> _Exercise_
Copy the listing below letter for letter, passing over each picture.
[[ Material provided open ]]
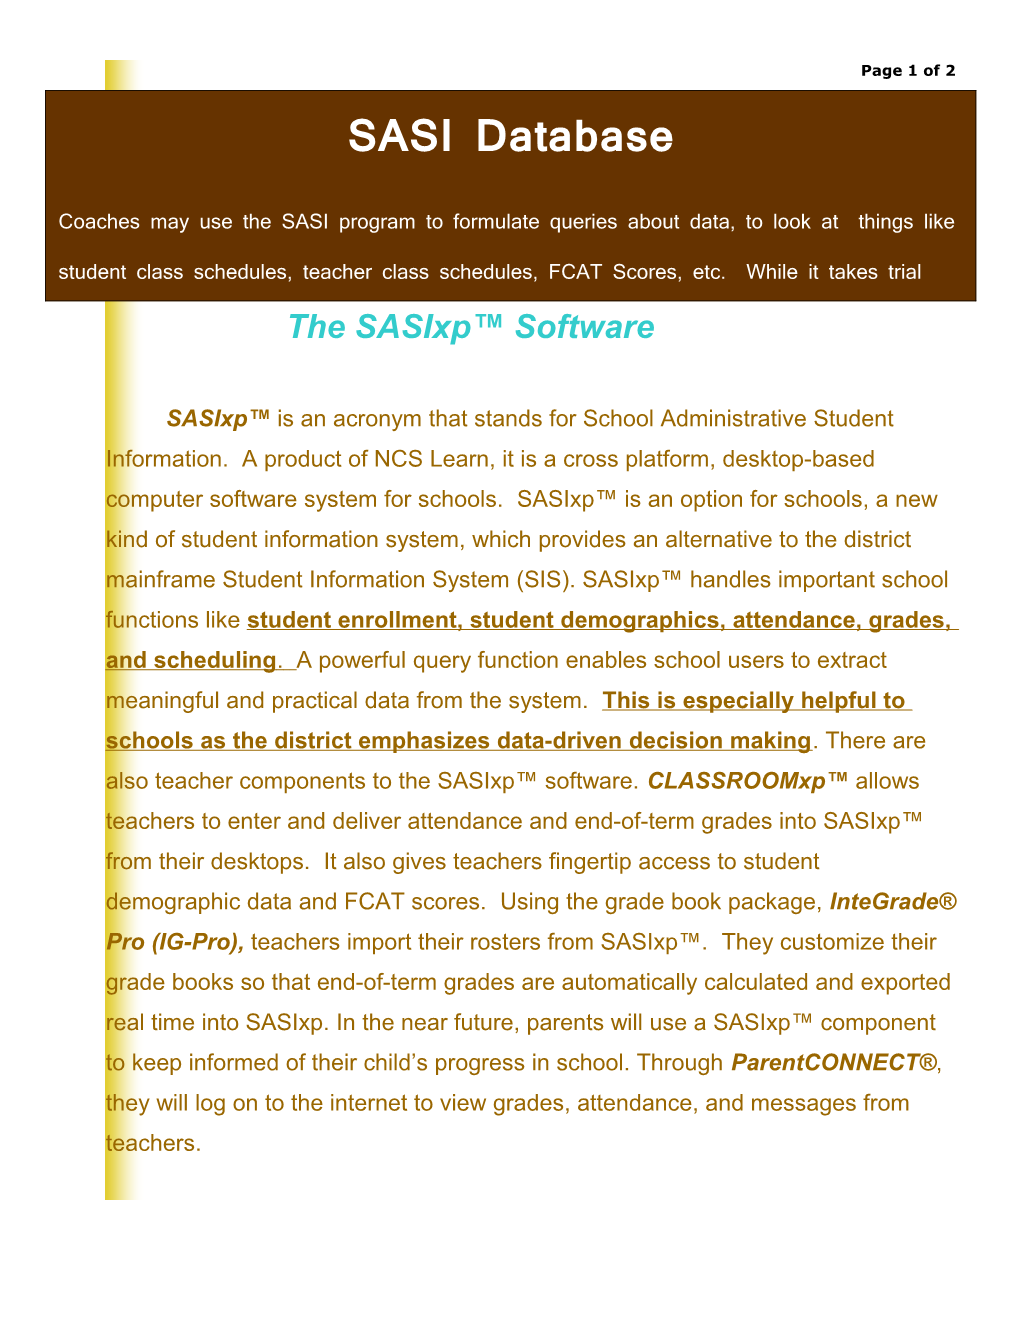 The Sasixp Software
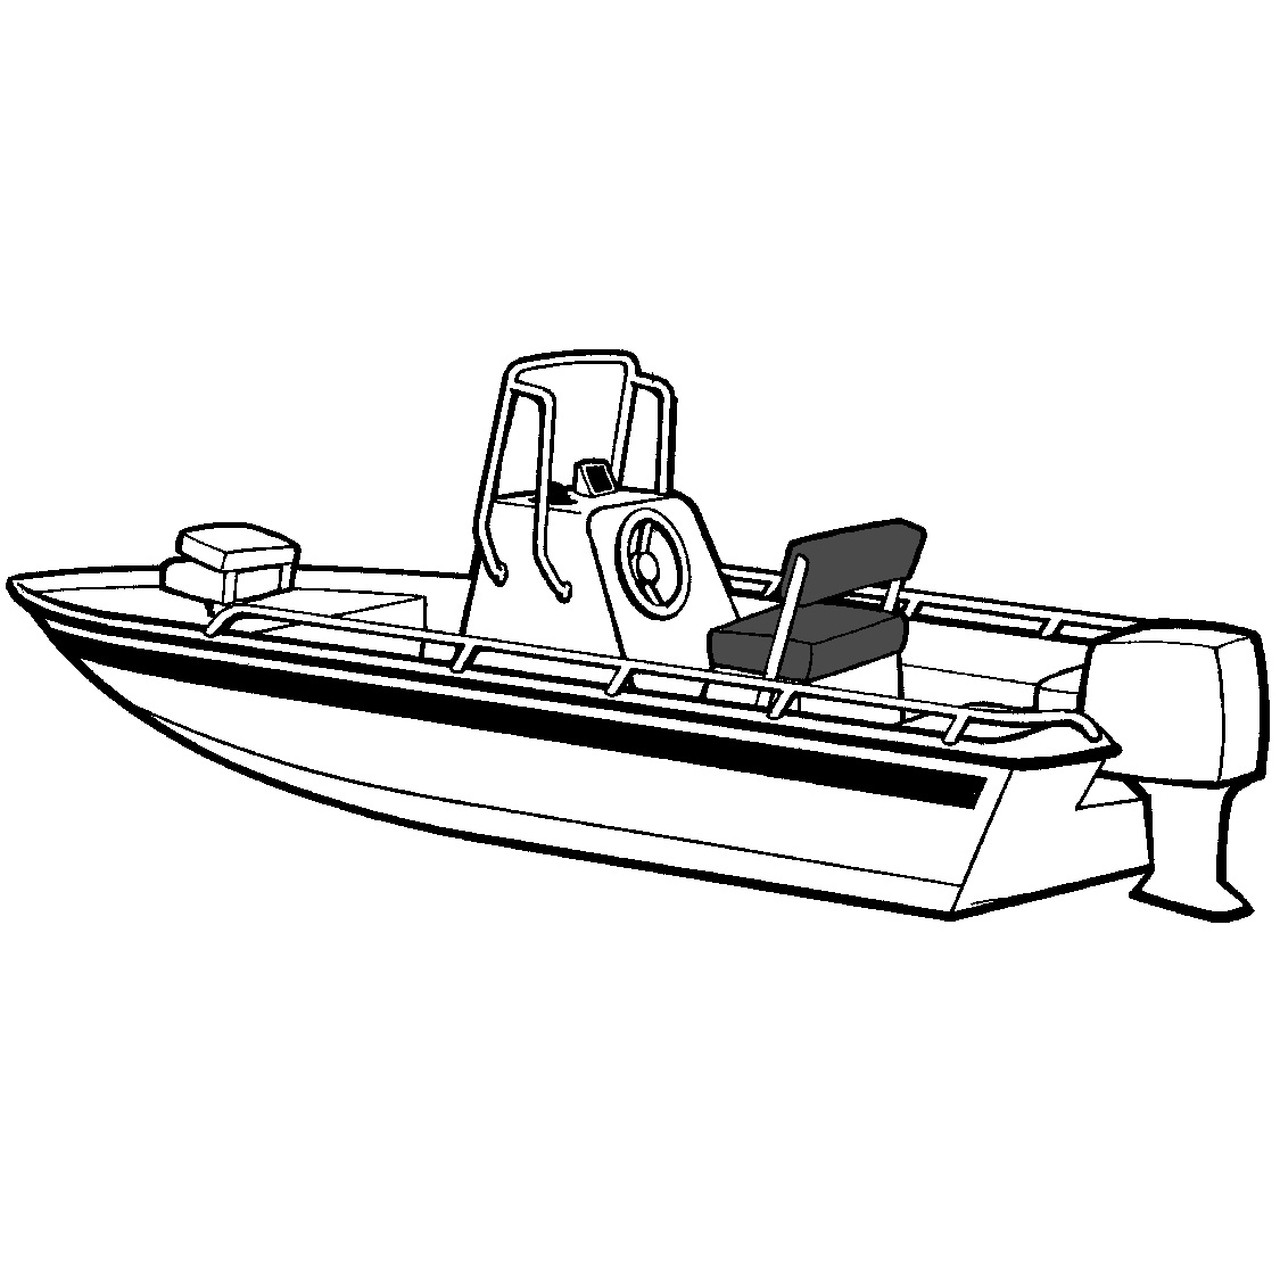 V-hull Shallow Draft Fishing Boat Cover, 19'9-20'8 x 85 Narrow
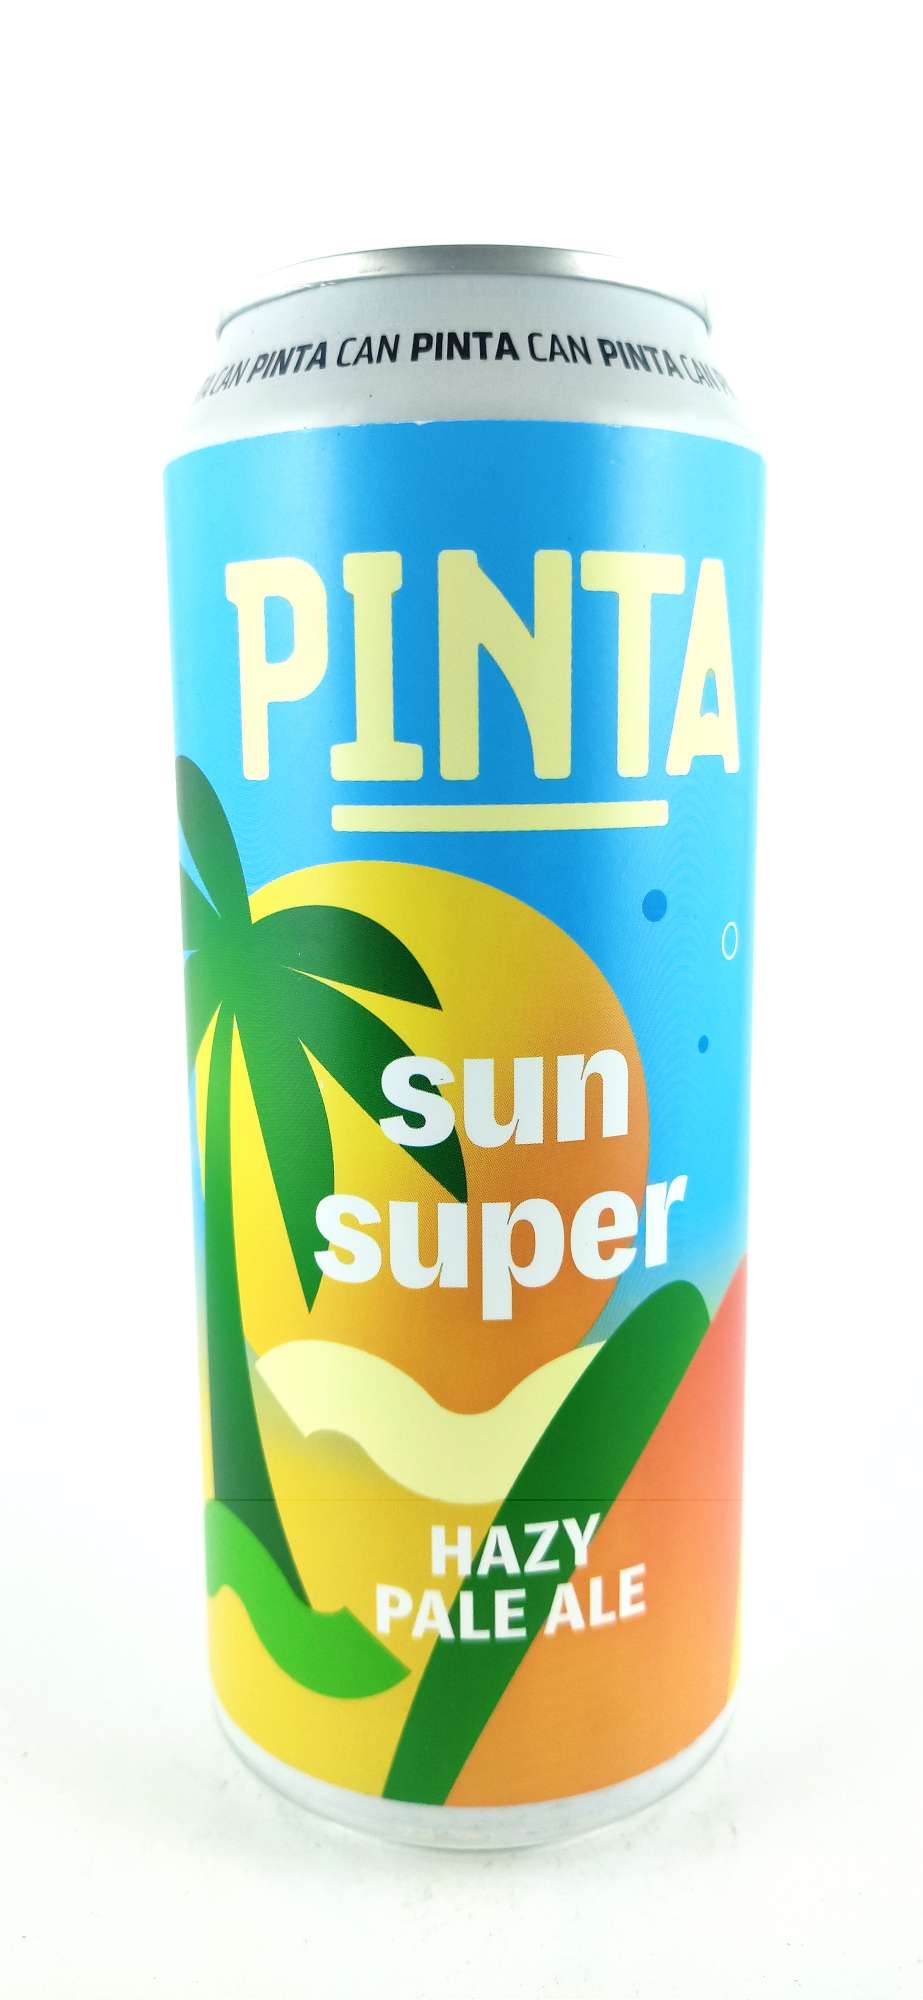 Pinta Sun Super Single Hop IPA 12°
[[ Material provided closed ]]
> _Worked solution_
 The Sasixp Software
 V-hull Shallow Draft Fishing Boat Cover, 19'9-20'8 x 85 Narrow
 Pinta Sun Super Single Hop IPA 12°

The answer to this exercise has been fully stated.